Figure 6.

Protein kinase activity and autophosphorylation of different ANPK mutants. (A) Structural features of ANPK mutants studied. (B) Protein kinase activity of ANPK mutants. FLAG-tagged ANPK and indicated mutant proteins were expressed in CHO cells, immunoprecipitated using anti-FLAG monoclonal antibody, and subjected to immune complex kinase assays for 30 min at 30°C in the absence (–) and presence (+) of 5 μM MBP as described in MATERIALS AND METHODS. (C) Immune complex kinase assays of various ANPK forms in the absence of added substrate. Different ANPK forms were expressed to similar levels as judged by immunoblotting analysis (our unpublished data). (D) Phosphoamino acid analysis of autophosphorylated ANPK and MBP and c-Jun phosphorylated by ANPK in vitro.
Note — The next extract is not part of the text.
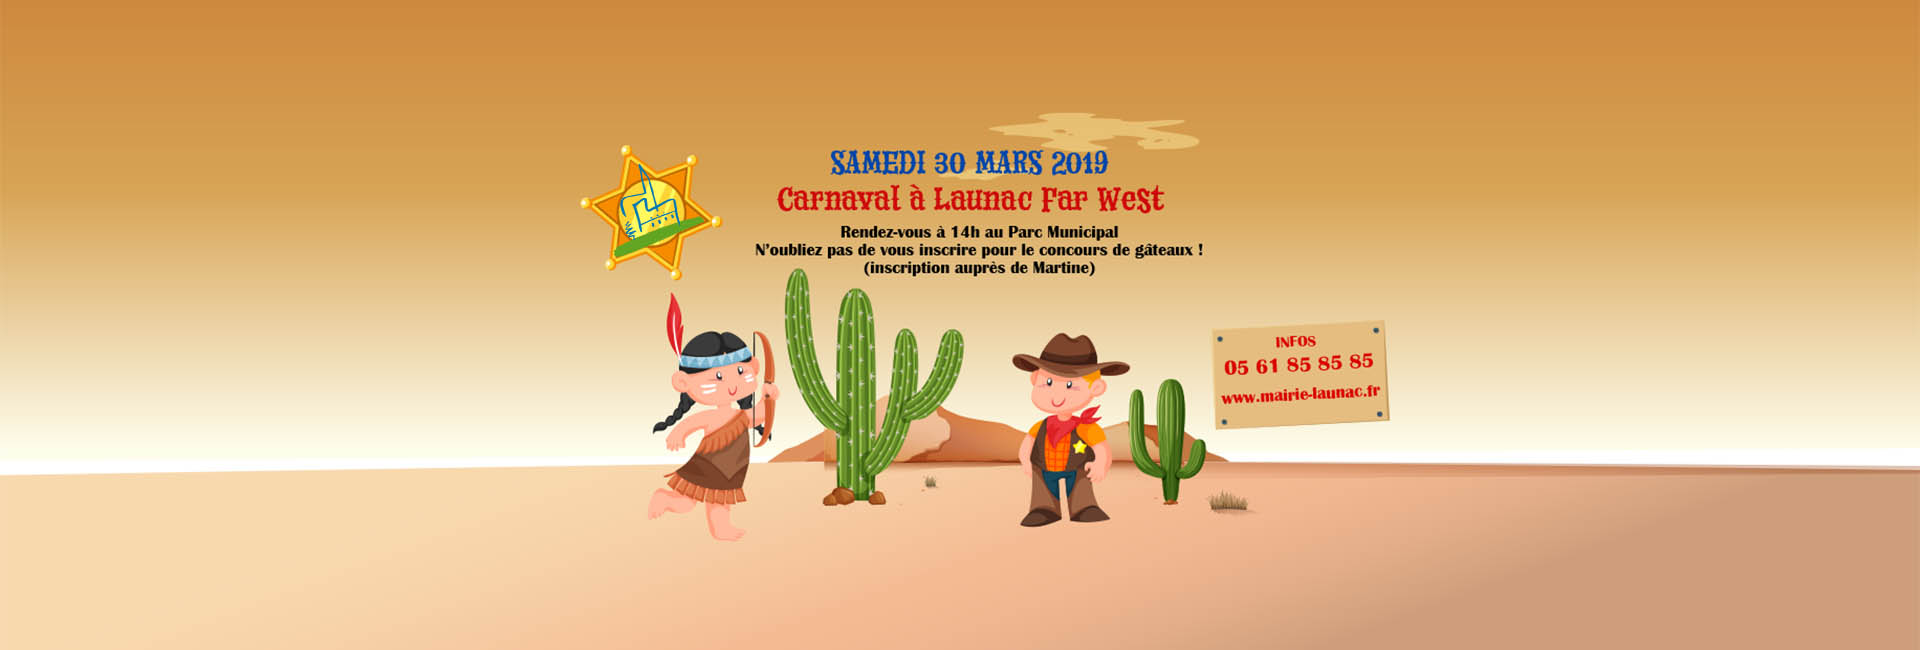 Slider Carnaval de Launac 30 Mars 2019
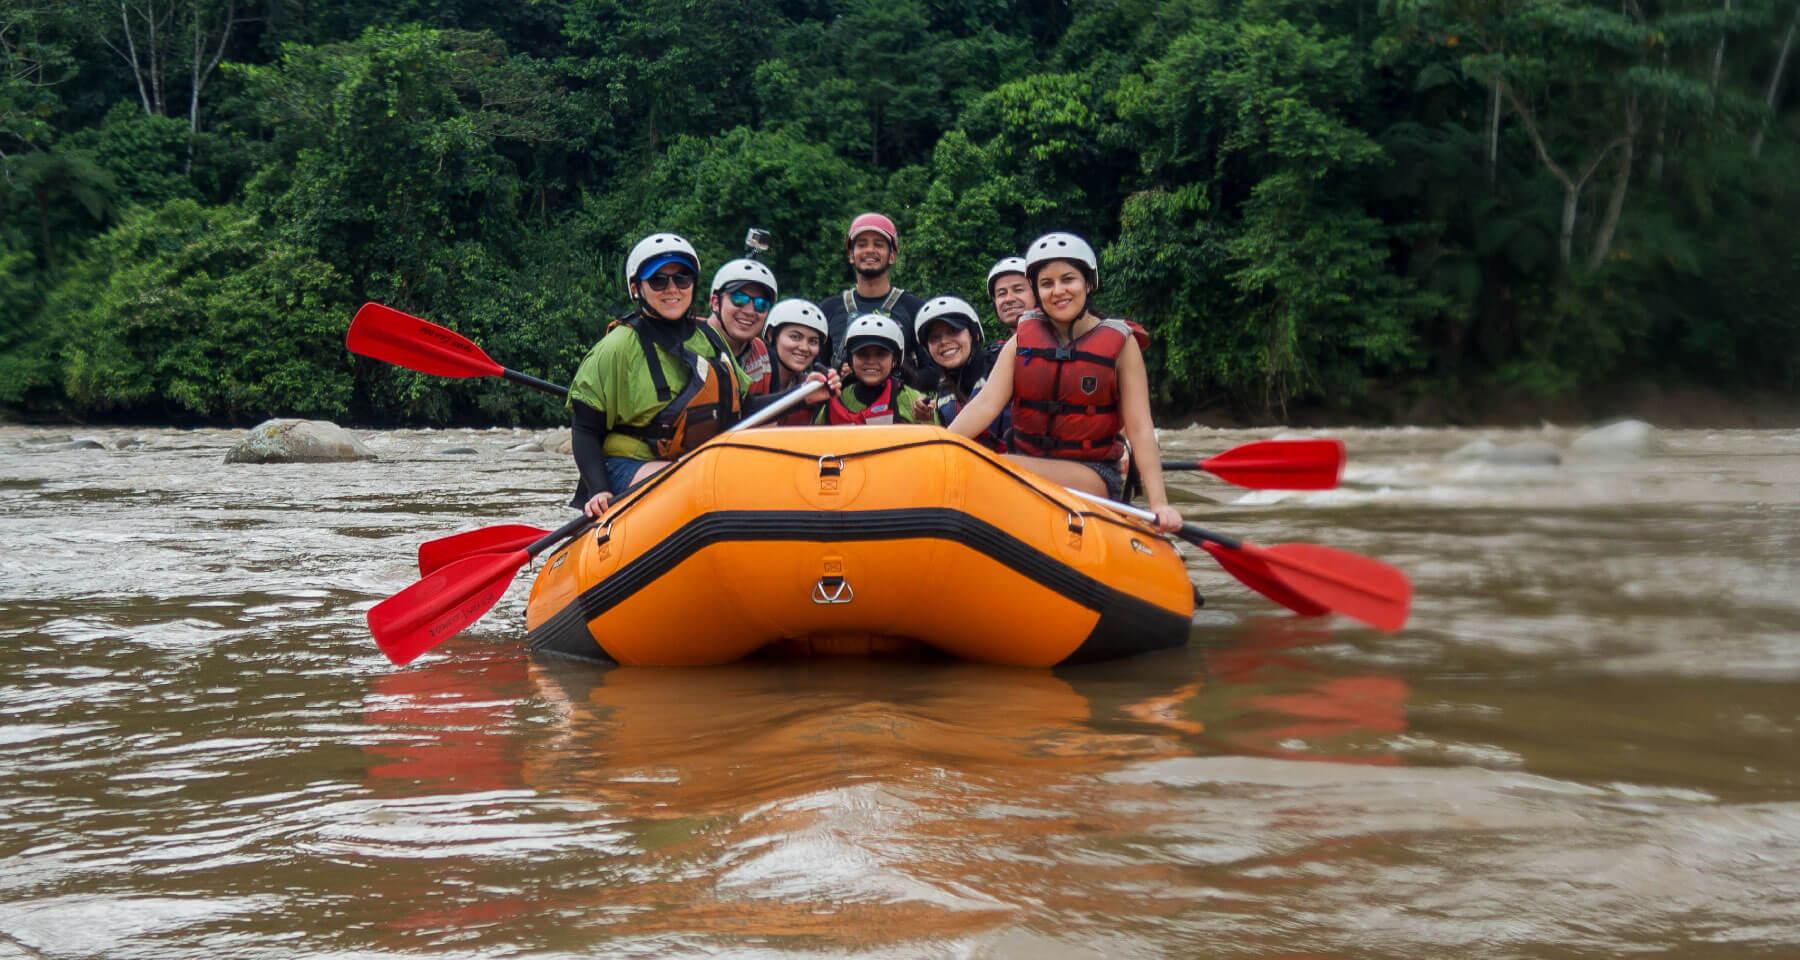 Friends and family in a rafting boat in Anzu river in Southamerica, Ecuador

After in vitro kinase assay using immunopurified ANPK (1) and ANPK(S357A/Y359A) (2) from CHO cells, or MBP (3) and c-Jun (4) as substrates in the GST-ANPK(159–920) catalyzed phosphorylation, proteins were transferred onto PVDF membrane, radioactive bands corresponding to phosphorylated proteins were cut out and subjected to acid hydrolysis as described in MATERIALS AND METHODS. Phosphoamino acids were resolved by one-dimensional electrophoresis at pH 2.5. Positions of unlabeled internal phosphoamino acid standards are depicted.